Ooooh! That'll give me something to look at while I'm trying to feed C!!    Bet I forget tho...........


----------



## Damelottie (Jul 26, 2005)

Oooh - I'm going to set my alarm. I always miss them.
I'd sit outside with a cuppa but the old bloke next door died recently and its blooming spooky out there in the dark


----------



## *Kim* (May 5, 2002)

Think i'll pass zzzzzzzzzzzzzzzzzzzzzzzzzzzzzzzzzzzzz


Kimx  xx


----------



## Mrs Dibbles (Aug 19, 2007)

Yes I'm planning on getting up to have a look.

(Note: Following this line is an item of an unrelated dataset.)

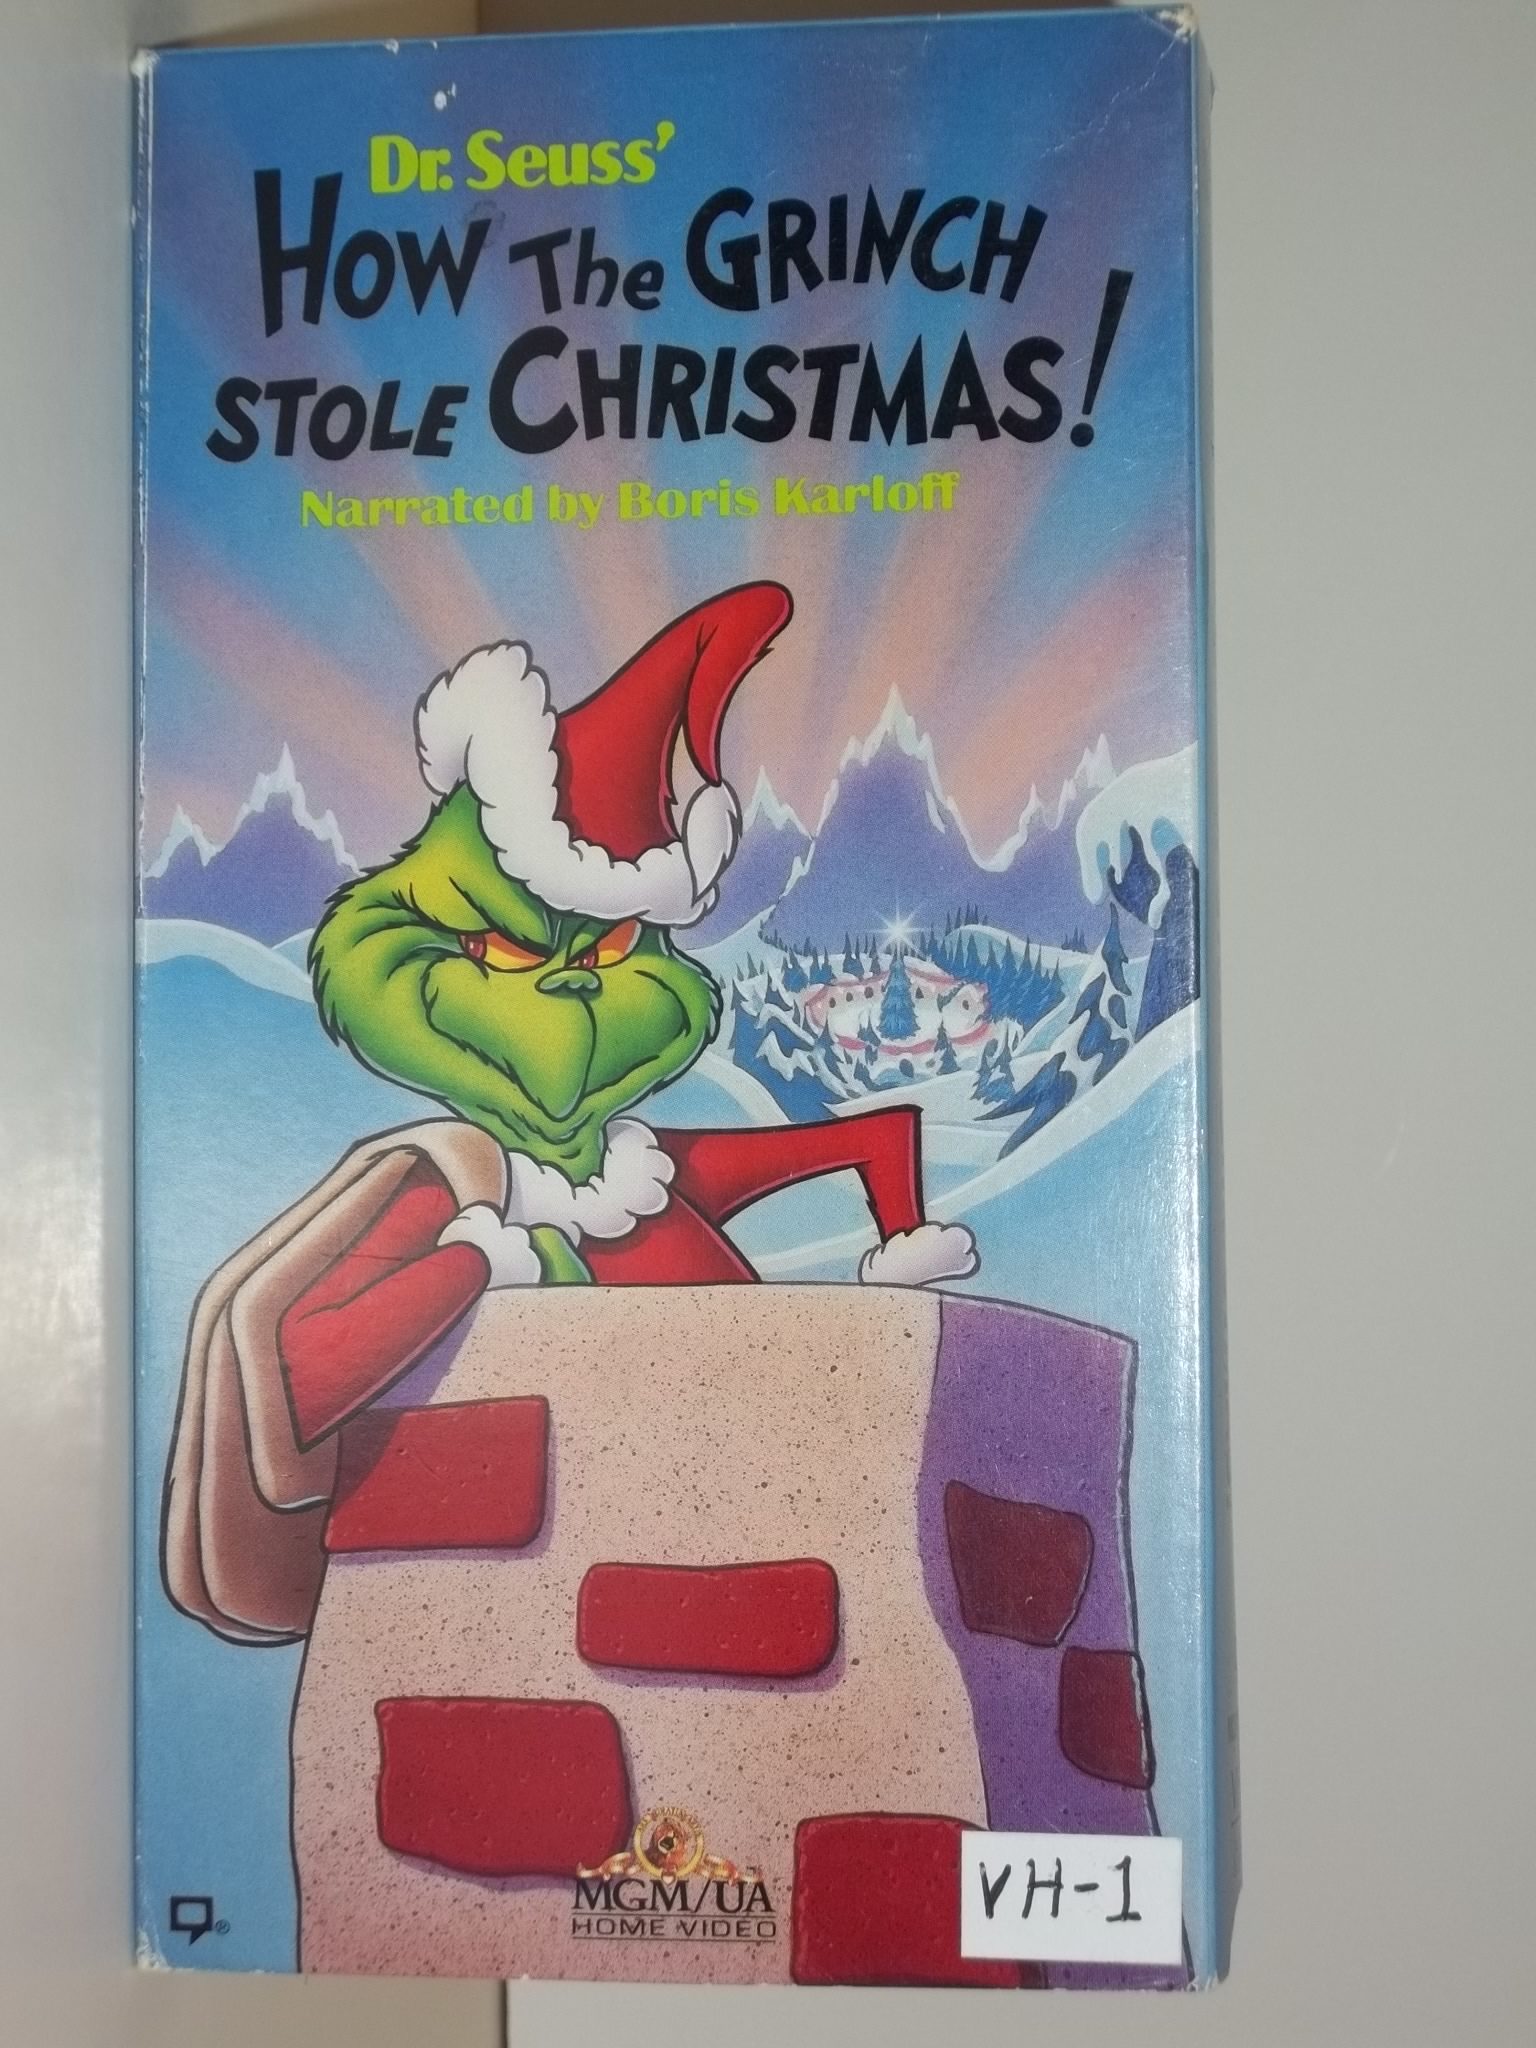 The Grinch Vhs Uk

Can the full moon spell be done tonight or is it tommorow evening?


----------



## DizziSquirrel (Feb 15, 2005)

Should be tommorow but after midnight it is tommorow 

~Dizzi~


----------



## Young D (Oct 17, 2005)

hmm well for once I won't be anoyed at lo if he decides to get up at 5 then


----------



## Mrs Dibbles (Aug 19, 2007)

Did anyone see it? I was awake around 3 ish so had a look but it was really cloudy here.


----------



## FairyDust2012 (Jun 5, 2007)

hi

I had a look out as at bedtime the moon was right by my window but it was SSSSoooo cloudy i couldnt see for sure but there was something orange out there but dh said it was a street light!  

  

xxxxxxxxxxxxxxx


----------



## ~*Claire*~ (Jan 25, 2005)

BUM!!! I HAVE ONLY JUST NOTICED THIS THREAD!!!


----------



## Damelottie (Jul 26, 2005)

Forgot. Fell asleep


----------



## S4rah (Nov 10, 2003)

I had a look at about 2am and it was too cloudy to see the moon!


----------